Lazarus Group: Details have been made public of an attack campaign carried out by the Lazarus Group, attributed to the government of North Korea. The attack targeted European aerospace and military contract companies for espionage purposes and was later repurposed for financial theft. The operation, dubbed Operation In(ter)caption, targeted employees through LinkedIn job recruitment profiles and private messages. Lazarus Group members conducted fake job interviews with employees at target organizations and used malicious documents to compromise their targets. The documents supposedly contained salary and job information about the jobs they were applying for; in reality the documents contained tools used by Lazarus Group to gain a foothold on victim’s systems.
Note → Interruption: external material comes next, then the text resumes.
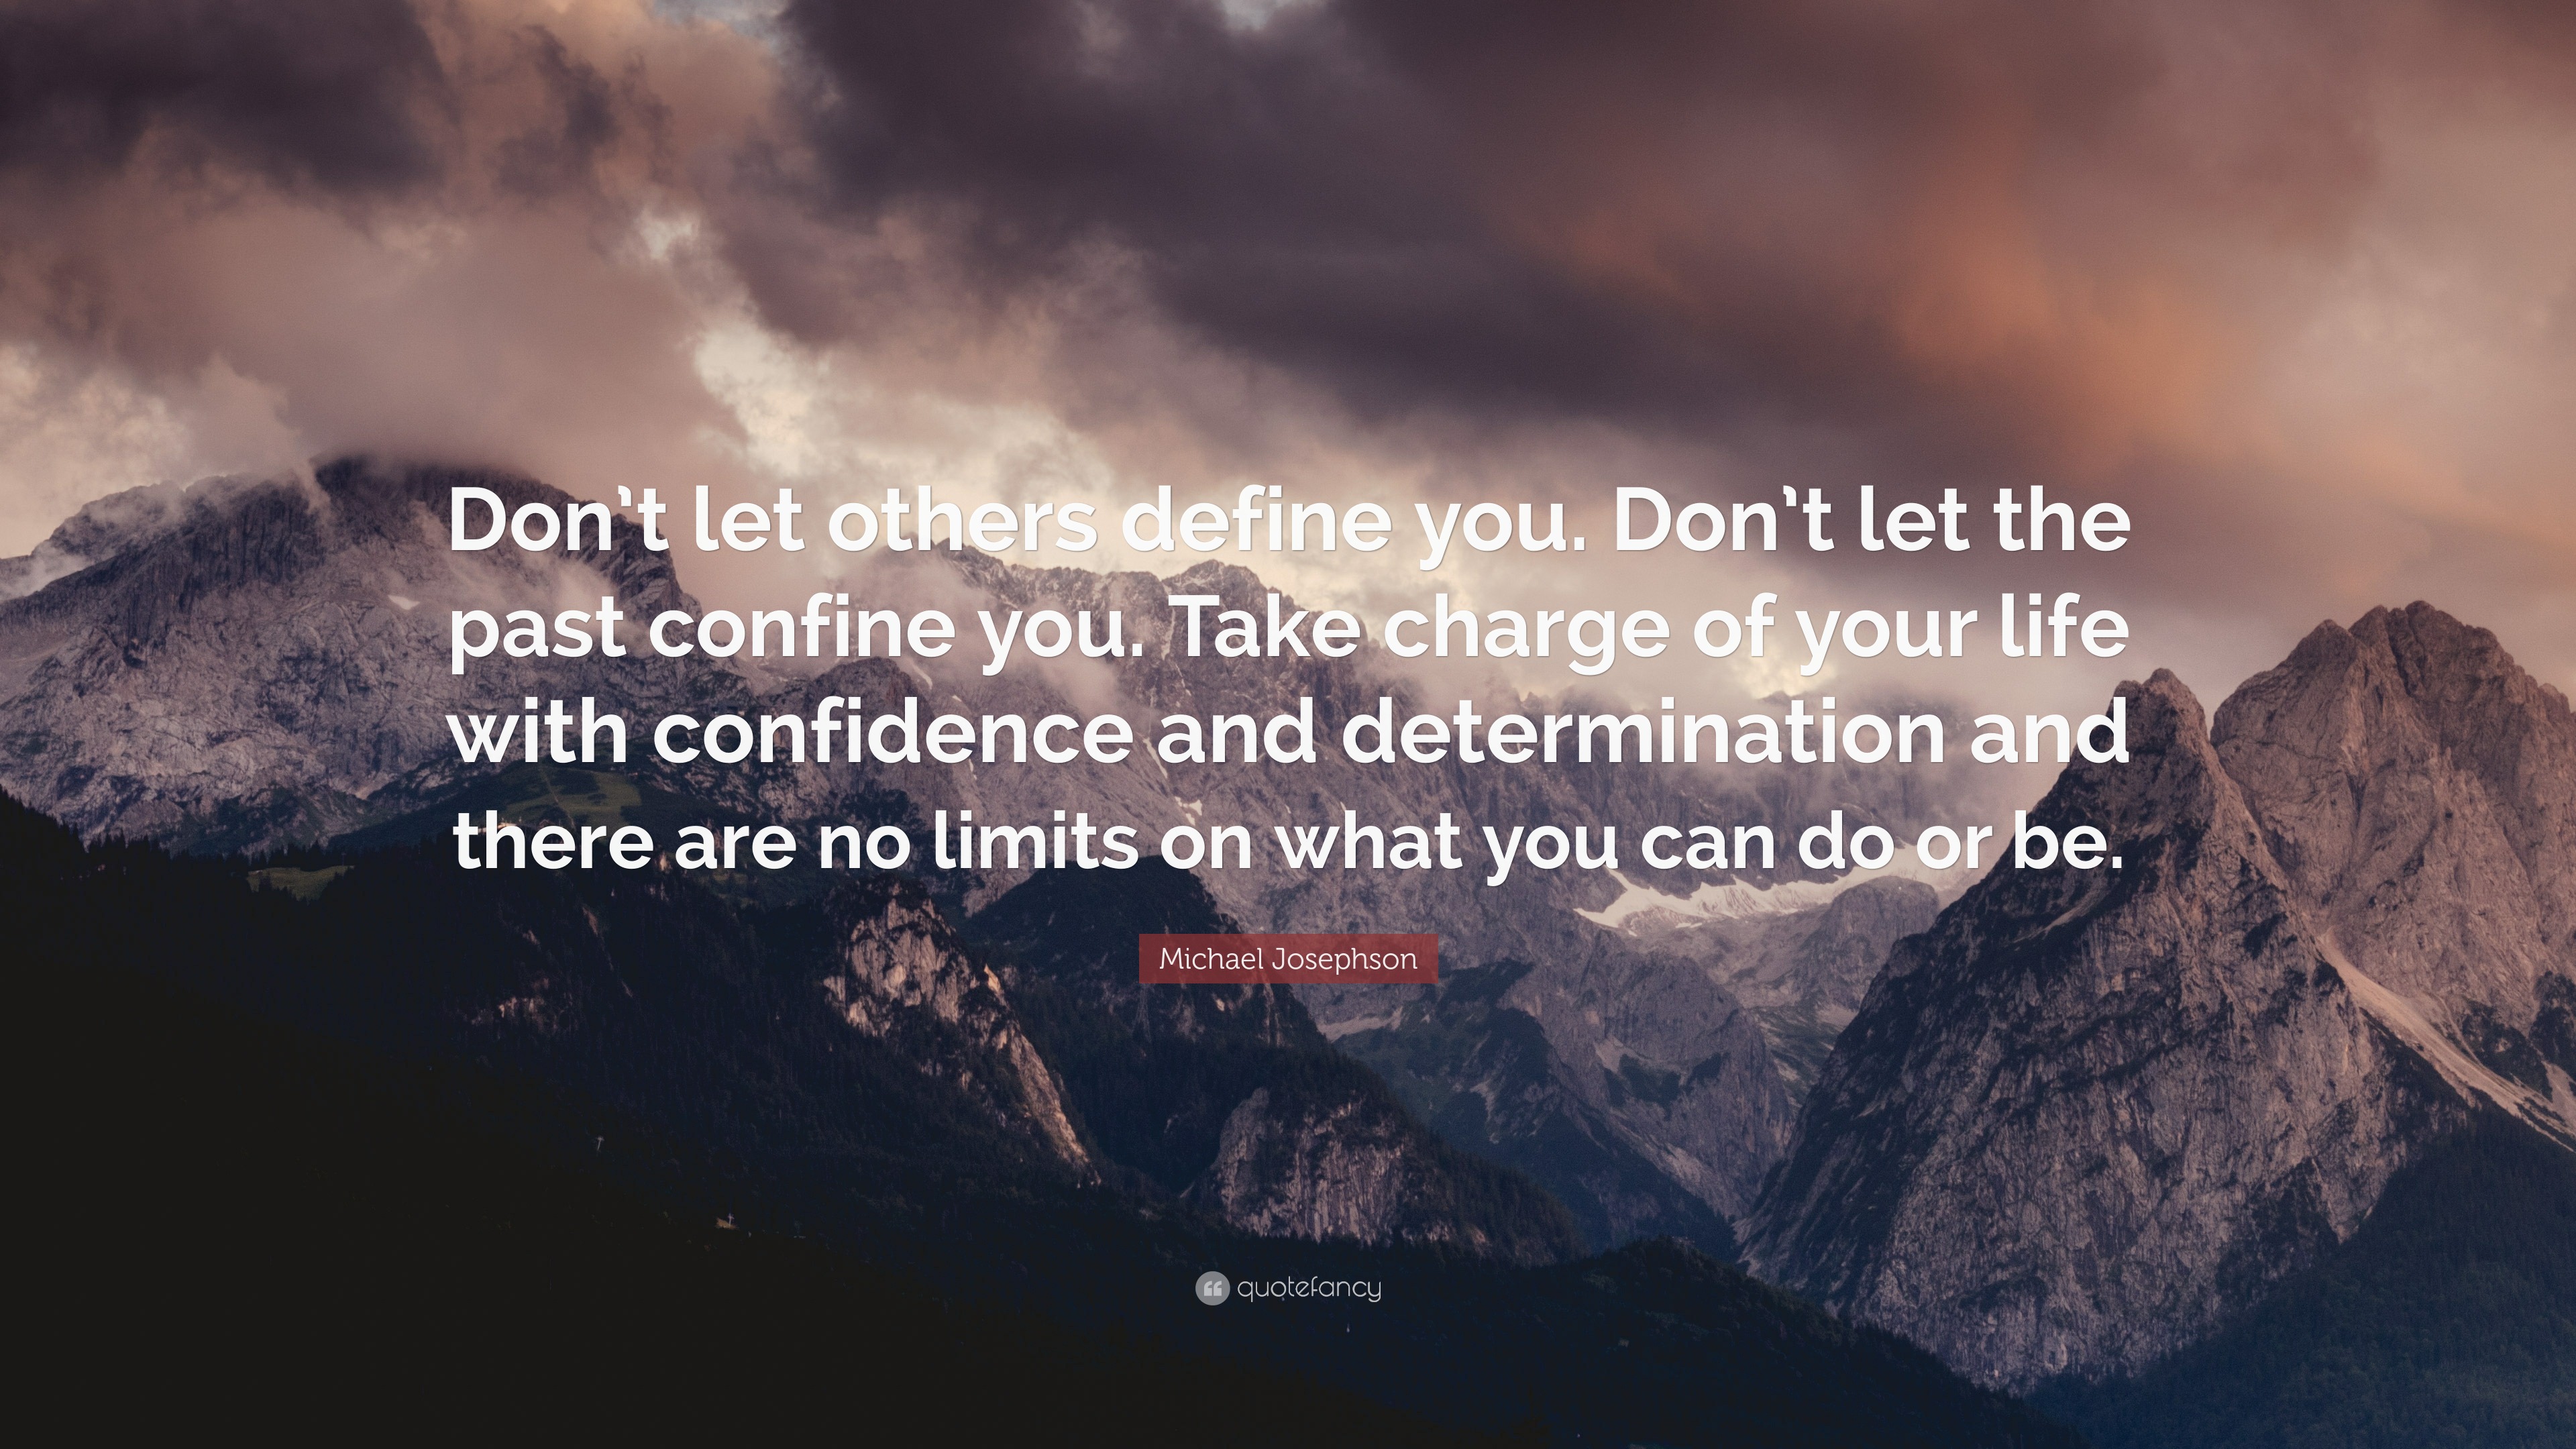 Michael Josephson Quote: “Don’t let others define you. Don’t let the
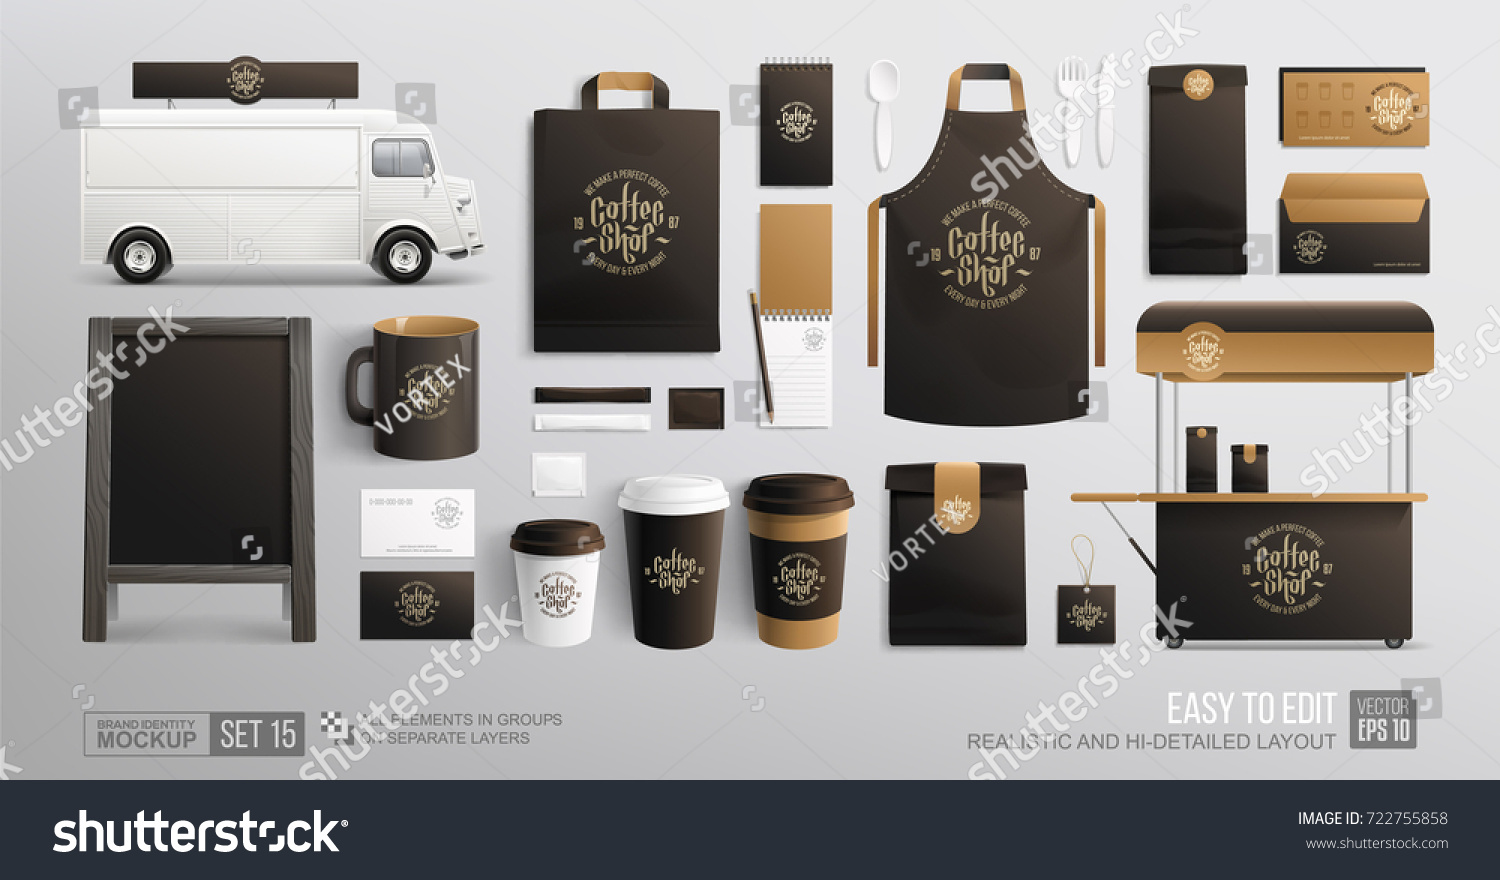 Download Coffee Cafe Food Cart Branding Corporate Stock Vector Royalty Free 722755858

The operation, which took place between September and December of 2019, targeted victim’s Active Directory (AD) servers to obtain lists of employees and system administrators, and later carried out brute-force attacks on administrator accounts. Following the completion of the campaign, the group chose to carry out scam attempts on the victim organizations’ business partners. Lazarus Group looked through their victims’ email inboxes for unpaid invoices and then followed up on those emails. In the follow up communications the group urged the recipients to pay, but to accounts controlled by Lazarus Group. Luckily the group’s attempt to carry out their thefts through business email compromise (BEC) were unsuccessful, as many of the targets noticed that something was “off” about the follow-up emails.

Analyst Notes

Analyst Note: This is not the first time that Lazarus Group has utilized fake job postings and interviews in an attempt to target the employees of targeted organizations. Lazarus Group utilized a similar method to target financial institutions in Central and South America. While it is not surprising that Lazarus Group would be caught attempting to carry out an operation for financial gain, this is the first time they have been seen using BEC to attempt to redirect payments through email messages. Lazarus Group has traditionally looked to gain a foothold in target networks through initially compromising employees. Endpoint Detection and Response (EDR) can provide the early detection needed to identify intrusions like these before they are able to spread through the network and establish footholds in more vital parts of the network.